Интерес к понятию и категории «события» в последние десятилетия – симптом, свидетельствующий о возобновившихся попытках преодолеть так называемую субъект-объктную парадигму в теории познания (см. в этой связи: [11; 23; 25; 26]). Здесь мы снова прибегнем к историко-философскому примеру в популярном жанре case study.
В поздней статье «К истории диалогического принципа» (1954) немецко-еврейский религиозный философ Мартин Бубер (1879–1965) прокомментировал перелом в своем мышлении и у своих современников, происшедший в «час Везувия с его опытом Первой мировой войны» и возникшей тогда потребностью «воздать должное существующему экзистенциально (dem Existieren) – потребностью, захватившей также и систематическую философию» [12, с. 509].

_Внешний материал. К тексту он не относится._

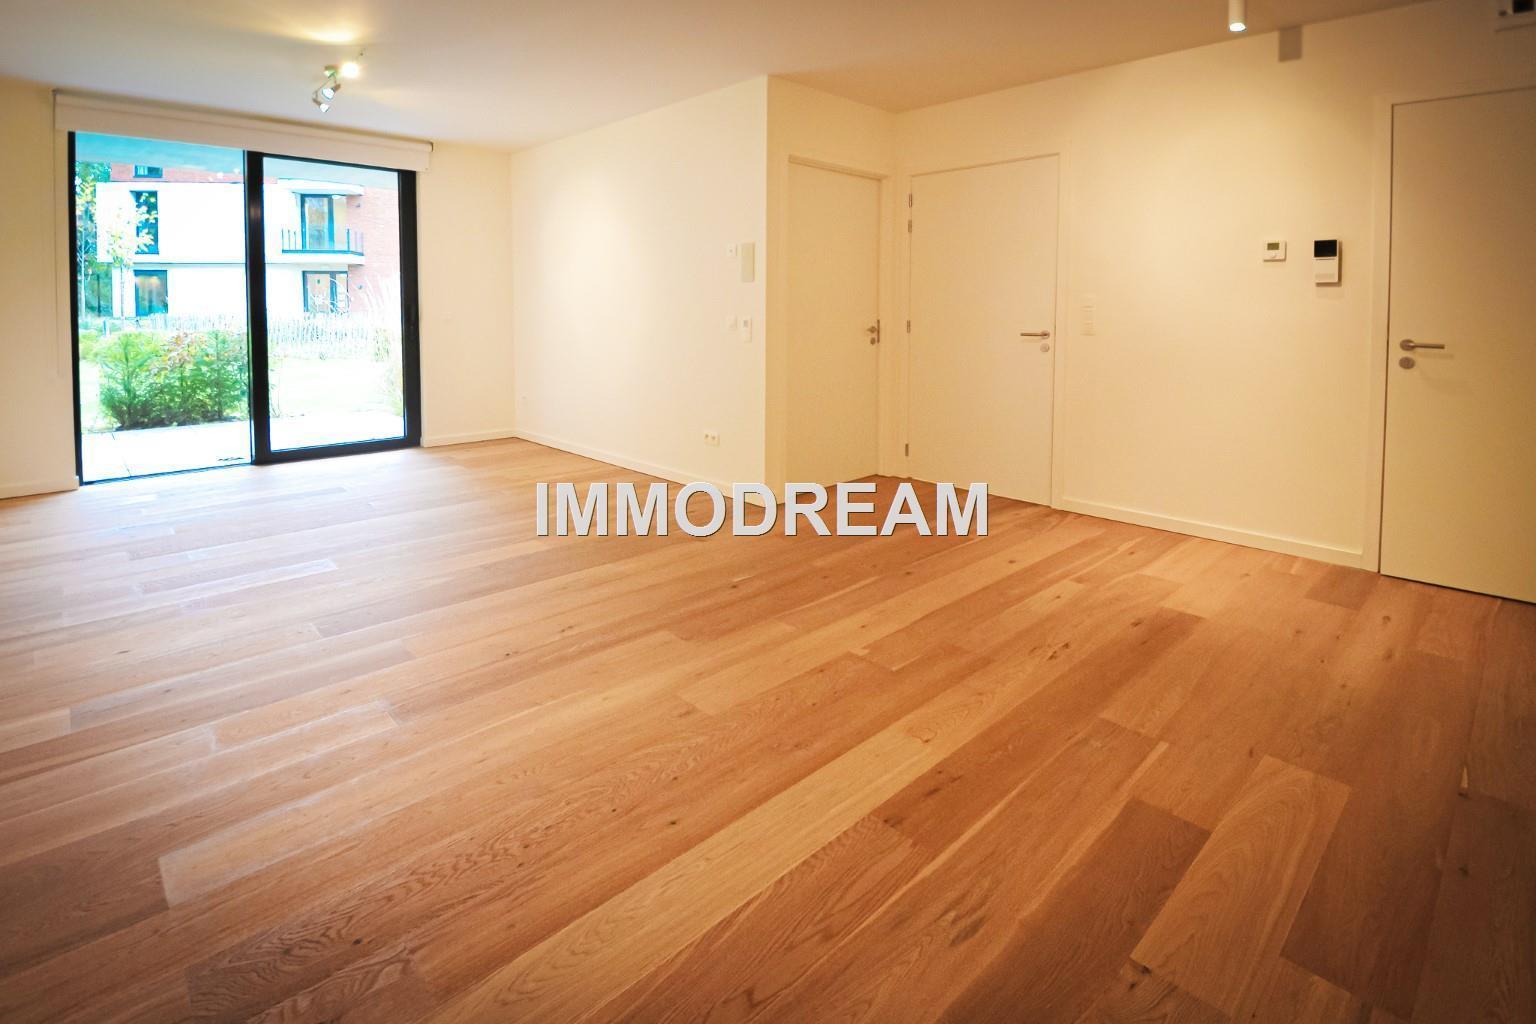 Residences-services - Wezembeek-Oppem - #3909185-2
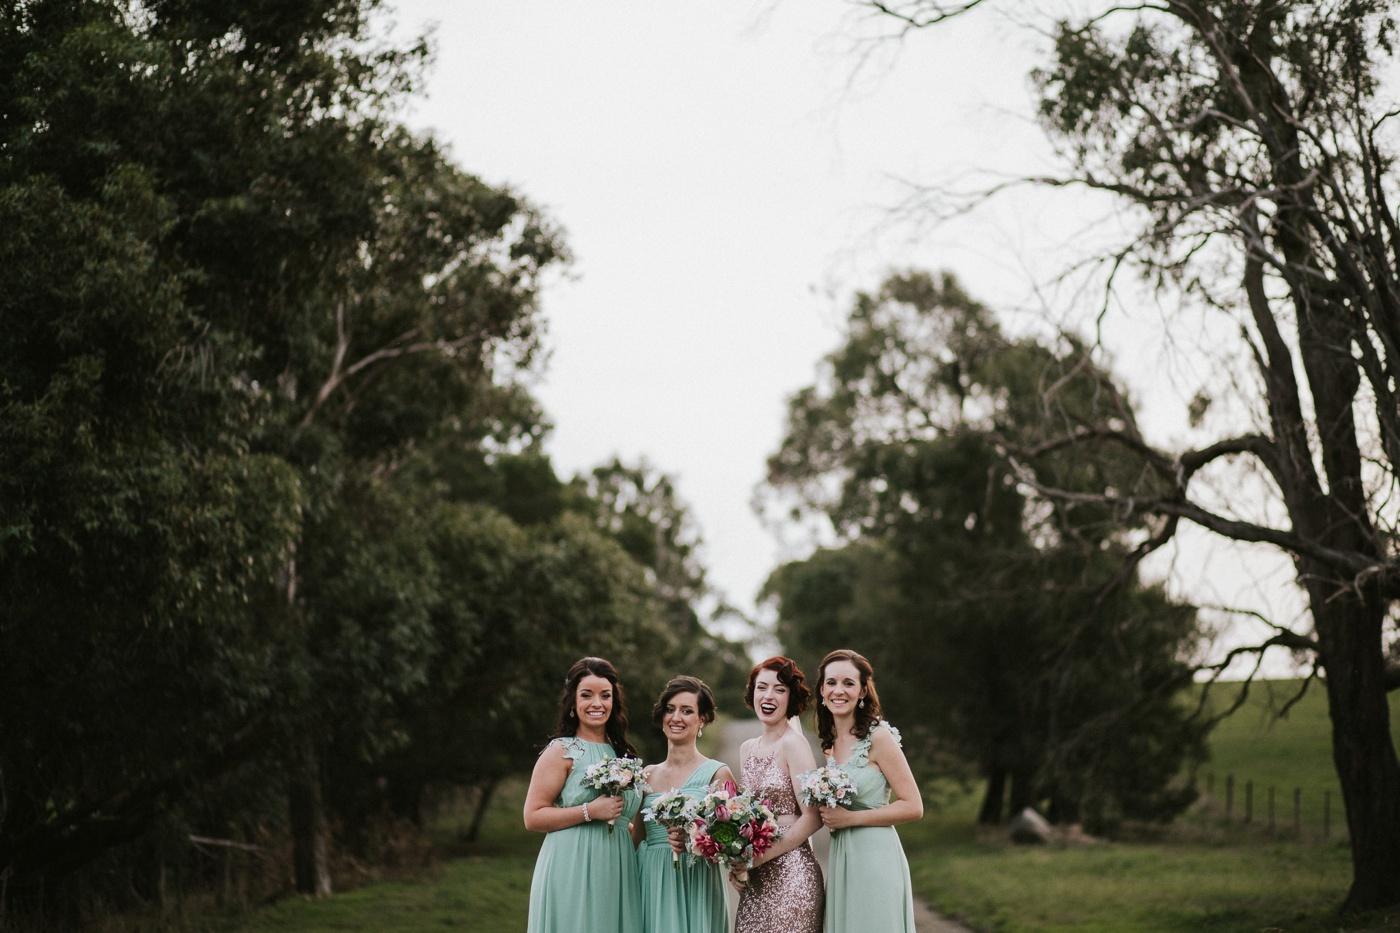 Emma&Morgan_Melbourne-Vintage-Elegant-Fun-Quirky-Yarra-Valley-Vineyard-Wedding_Melbourne-Wedding-Photography-67

Бубер рассказывает здесь, что еще до публикации своей самой известной книги «Я и Ты» (1923) он прочитал сочинение австрийского католика Фердинанда Эбнера (1882–1931) «Слово и духовные реальности» (1921), поразившую его сходством с его собственной концепцией диалога. «Его книга, – читаем в цитируемой статье Бубера, – показала мне – как никакая другая, прочитанная мною впоследствии (причем местами близость мыслей была какой-то даже жутковатой), что в такое время, как наше, люди разного склада и традиций оказались в поисках общего потрясенного достояния » [12, с. 513].
«Близость мыслей», поначалу смутившая Бубера, объяснялась, как он осознал позднее, общностью европейского мира жизни, потрясенного в исторический «час Везувия»; отражением и преломлением этой конкретно-исторической ситуации оказался поворот к новой, «экзистенциальной» онтологии. Отсюда, среди прочего, удивительный феномен, появление на философском горизонте текстов С. Кьеркегора, которого начали переводить (на немецкий) еще перед Первой мировой войной. В 1920-е гг. термин «экзистенция» стал почти синонимом «нового мышления», neue Denken , в Германии. Бахтин, который, как известно, юношей прочитал в Одессе Кьеркегора [5, с. 41–43], обошелся в своей философской программе без термина «экзистенция», хорошо известного ему по сочинениям позднего Шеллинга. Русский мыслитель, как и некоторые его европейские современники (К. Ясперс и Ф. Розенцвейг, О. Розеншток-Хюсси и М. Хайдеггер, М. Бубер и Г. Марсель, Ф. Эбнер и Р. Гвардини, многие другие), в своей философской программе исходил из назревшей в то время общей потребности – выйти за пределы и объективизма, и субъективизма Нового времени. Относительно новым в «новом мышлении» была попытка ввести в научно-систематическое познание реальную, «участную» человеческую личность, понятую экзистенциально, но не автономно . Дело было, конечно, не в термине самом по себе, а в трансформации философской традиции от Античности до Нового времени включительно. Хайдеггер писал Ясперсу 27 июня 1922 г.: «Требуется критика всей прежней онтологии, самых ее корней в греческой философии, особенно Аристотеля, чья онтология (хотя уже само это понятие не годится) у Канта и Гегеля жива никак не меньше, чем у какого-нибудь средневекового схоласта» [см.: 17, с. 73].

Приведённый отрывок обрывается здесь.